1.

At that time the LORD said unto me, Hew thee two tables of stone like unto the first, and come up unto me into the mount, and make thee an ark of wood.

2.

And I will write on the tables the words that were in the first tables which thou brakest, and thou shalt put them in the ark.

3.

And I made an ark of shittim wood, and hewed two tables of stone like unto the first, and went up into the mount, having the two tables in mine hand.

4.

And he wrote on the tables, according to the first writing, the ten commandments, which the LORD spake unto you in the mount out of the midst of the fire in the day of the assembly: and the LORD gave them unto me.

5.

And I turned myself and came down from the mount, and put the tables in the ark which I had made; and there they be, as the LORD commanded me.

6.

And the children of Israel took their journey from Beeroth of the children of Jaakan to Mosera: there Aaron died, and there he was buried; and Eleazar his son ministered in the priest's office in his stead.

7.

From thence they journeyed unto Gudgodah; and from Gudgodah to Jotbath, a land of rivers of waters.

8.

At that time the LORD separated the tribe of Levi, to bear the ark of the covenant of the LORD, to stand before the LORD to minister unto him, and to bless in his name, unto this day.

9.

Wherefore Levi hath no part nor inheritance with his brethren; the LORD is his inheritance, according as the LORD thy God promised him.

10.

And I stayed in the mount, according to the first time, forty days and forty nights; and the LORD hearkened unto me at that time also, and the LORD would not destroy thee.

11.

And the LORD said unto me, Arise, take thy journey before the people, that they may go in and possess the land, which I sware unto their fathers to give unto them.

12.

And now, Israel, what doth the LORD thy God require of thee, but to fear the LORD thy God, to walk in all his ways, and to love him, and to serve the LORD thy God with all thy heart and with all thy soul,

What doth the Lord thy God require ... - A noteworthy demand. God has in the Mosaic law positively commanded many things. However, these relate to external observances, which if need be can be enforced. But love and veneration cannot be enforced, even by God himself. They must be spontaneous. Hence, even under the law of ordinances where so much was peremptorily laid down, and omnipotence was ready to compel obedience, those sentiments, which are the spirit and life of the whole, have to be, as they here are, invited and solicited.

13.

To keep the commandments of the LORD, and his statutes, which I command thee this day for thy good?

14.

Behold, the heaven and the heaven of heavens is the LORD's thy God, the earth also, with all that therein is.

15.

Only the LORD had a delight in thy fathers to love them, and he chose their seed after them, even you above all people, as it is this day.

16.

Circumcise therefore the foreskin of your heart, and be no more stiffnecked.
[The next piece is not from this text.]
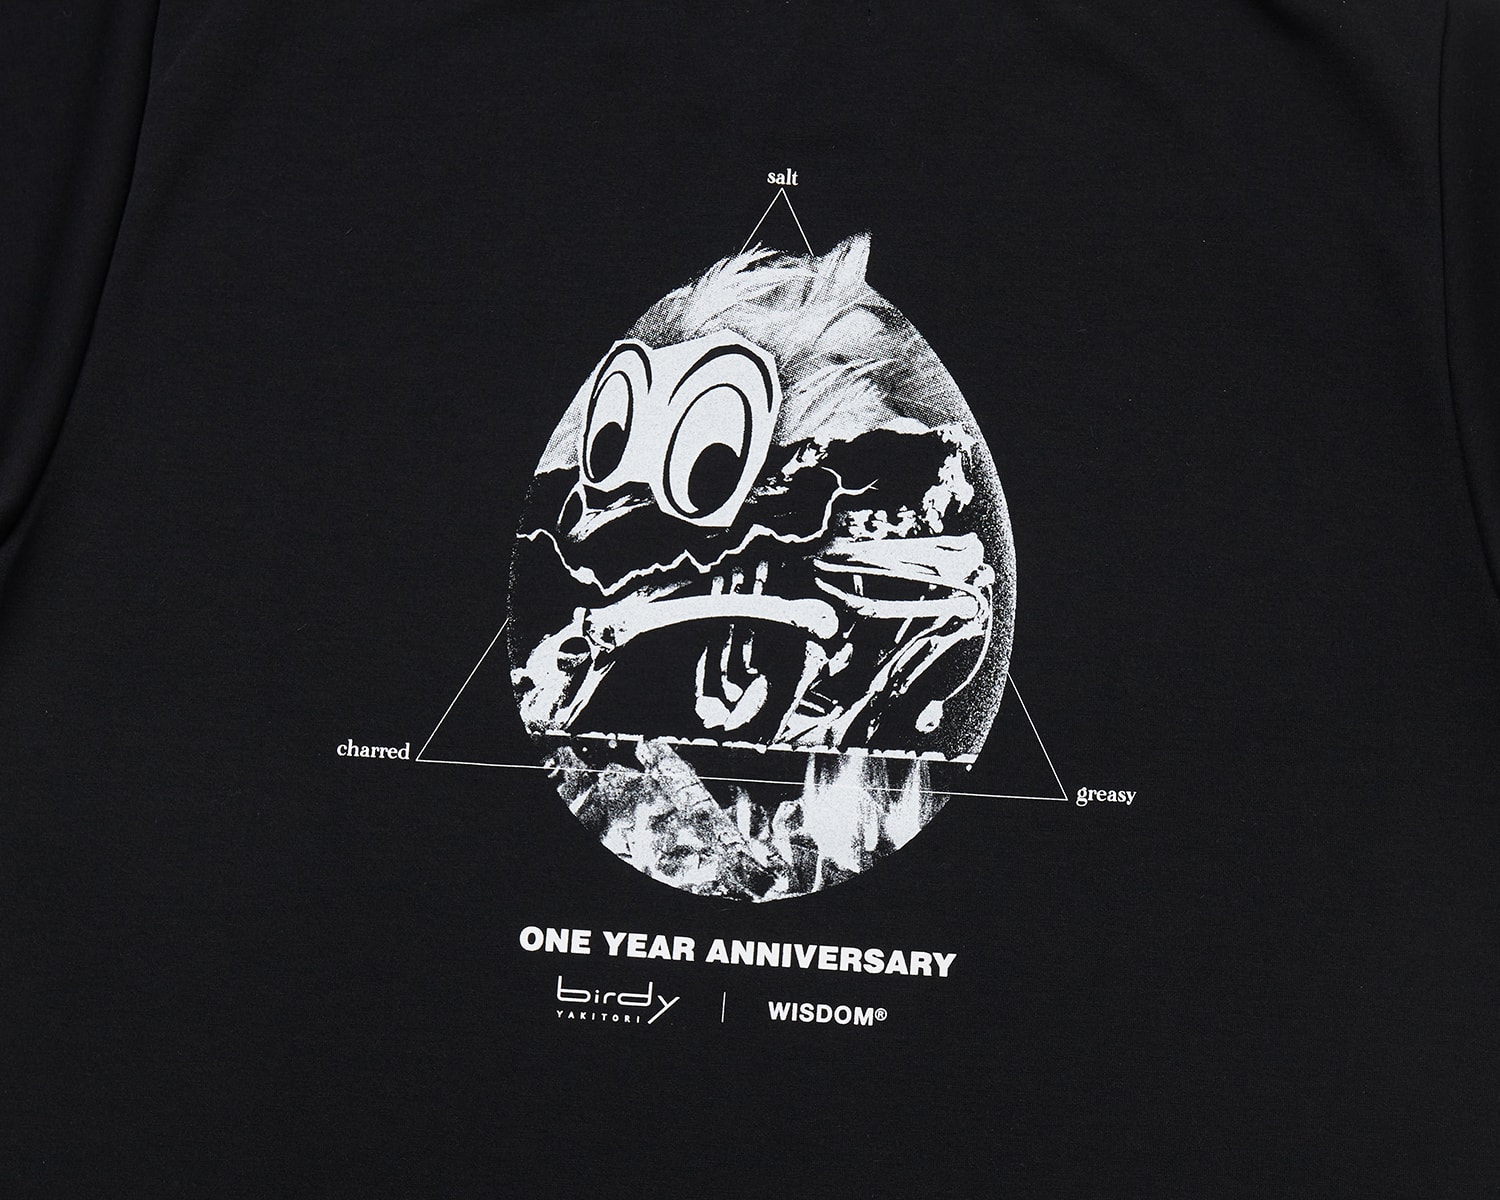 台北知名燒鳥餐廳「birdy 燒鳥狂想曲」攜手 WISDOM® 打造一週年聯名限量 T-Shirt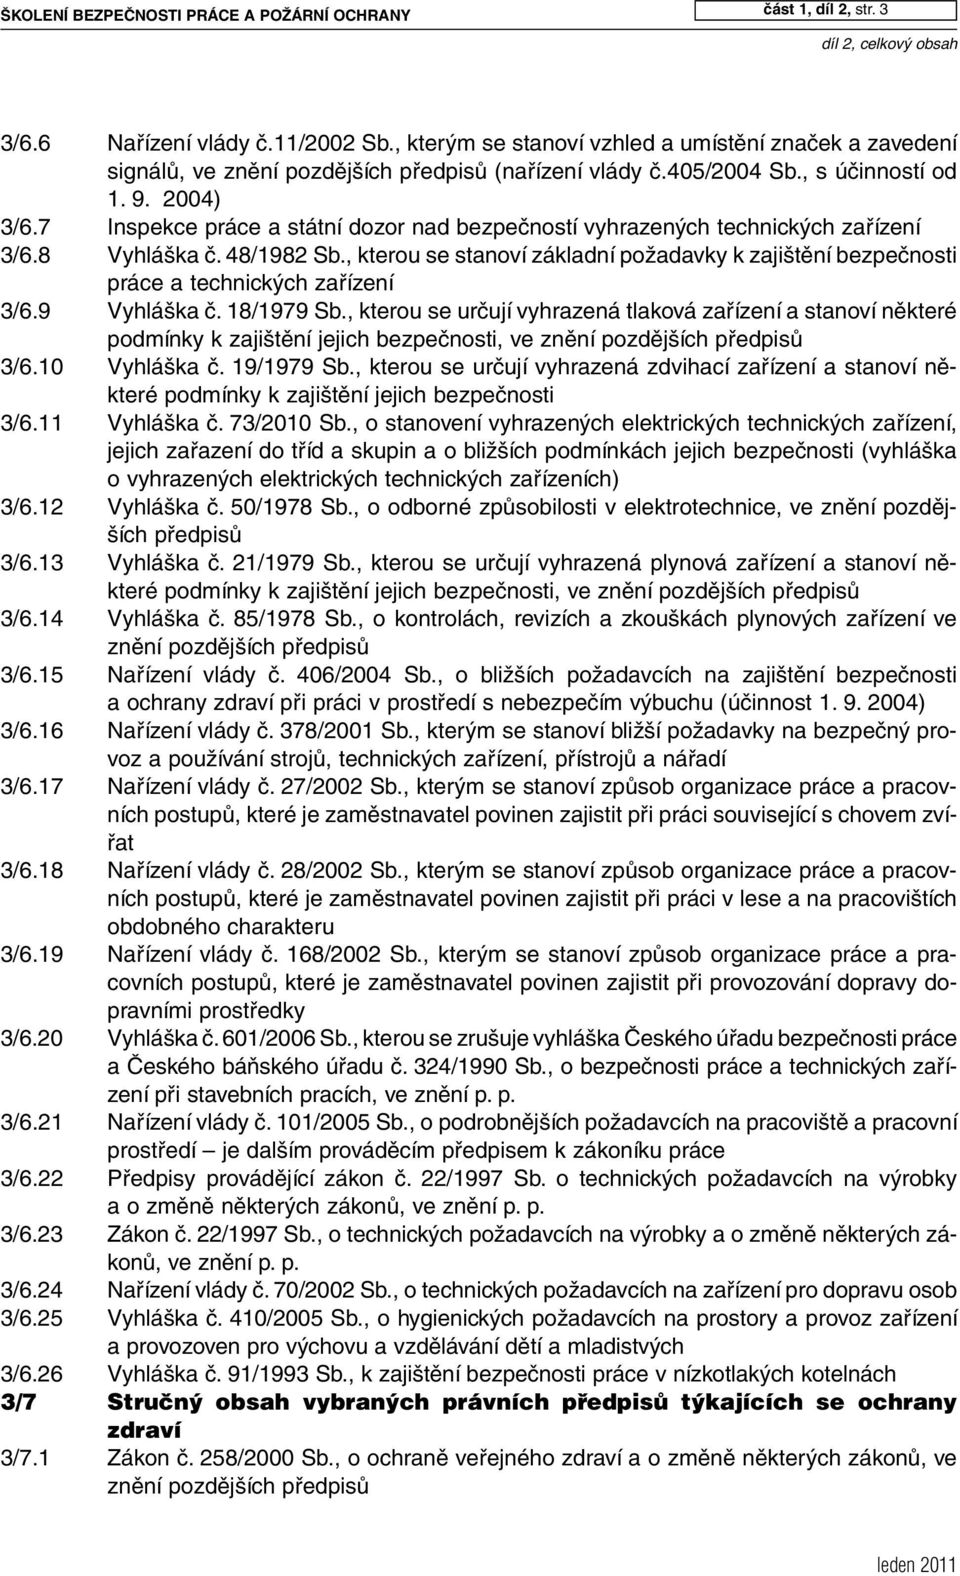 7 Inspekce práce a státní dozor nad bezpečností vyhrazených technických zařízení 3/6.8 Vyhláška č. 48/1982 Sb.

On “circumcision” see Genesis 17:10. This verse points to the spiritual import of circumcision. Man is by nature “very far gone from original righteousness,” and in a state of enmity to God; by circumcision, as the sacrament of admission to the privileges of the chosen people, this opposition must be taken away ere man could enter into covenant with God. It was through the flesh that man first sinned; as it is also in the flesh, its functions, lusts, etc., that man’s rebellion against God chiefly manifests itself still. It was fitting therefore that the symbol which should denote the removal of this estrangement from God should be worked in the body. Moses then fitly follows up the command “to circumcise the heart,” with the warning “to be no more stiff-necked.” His meaning is that they should lay aside that obduracy and perverseness toward God for which he had been reproving them, which had led them into so many transgressions of the covenant and revolts from God, and which was especially the very contrary of that love and fear of God required by the first two of the Ten Commandments. The language associated with circumcision in the Bible distinguishes the use made of this rite in the Jewish religion from that found among certain pagan nations. Circumcision was practiced by some of them as a religious rite, designed (e. g.) to appease the deity of death who was supposed to delight in human suffering; but not by any, the Egyptians probably excepted, at all in the Jewish sense and meaning.
The grounds on which circumcision was imposed as essential by the Law are the same as those on which Baptism is required in the Gospel. The latter in the New Testament is strictly analogous to the former under the Old; compare Colossians 2:11-12.

17.

For the LORD your God is God of gods, and Lord of lords, a great God, a mighty, and a terrible, which regardeth not persons, nor taketh reward:

18.

He doth execute the judgment of the fatherless and widow, and loveth the stranger, in giving him food and raiment.

19.

Love ye therefore the stranger: for ye were strangers in the land of Egypt.

20.

Thou shalt fear the LORD thy God; him shalt thou serve, and to him shalt thou cleave, and swear by his name.

21.

He is thy praise, and he is thy God, that hath done for thee these great and terrible things, which thine eyes have seen.

22.

Thy fathers went down into Egypt with threescore and ten persons; and now the LORD thy God hath made thee as the stars of heaven for multitude.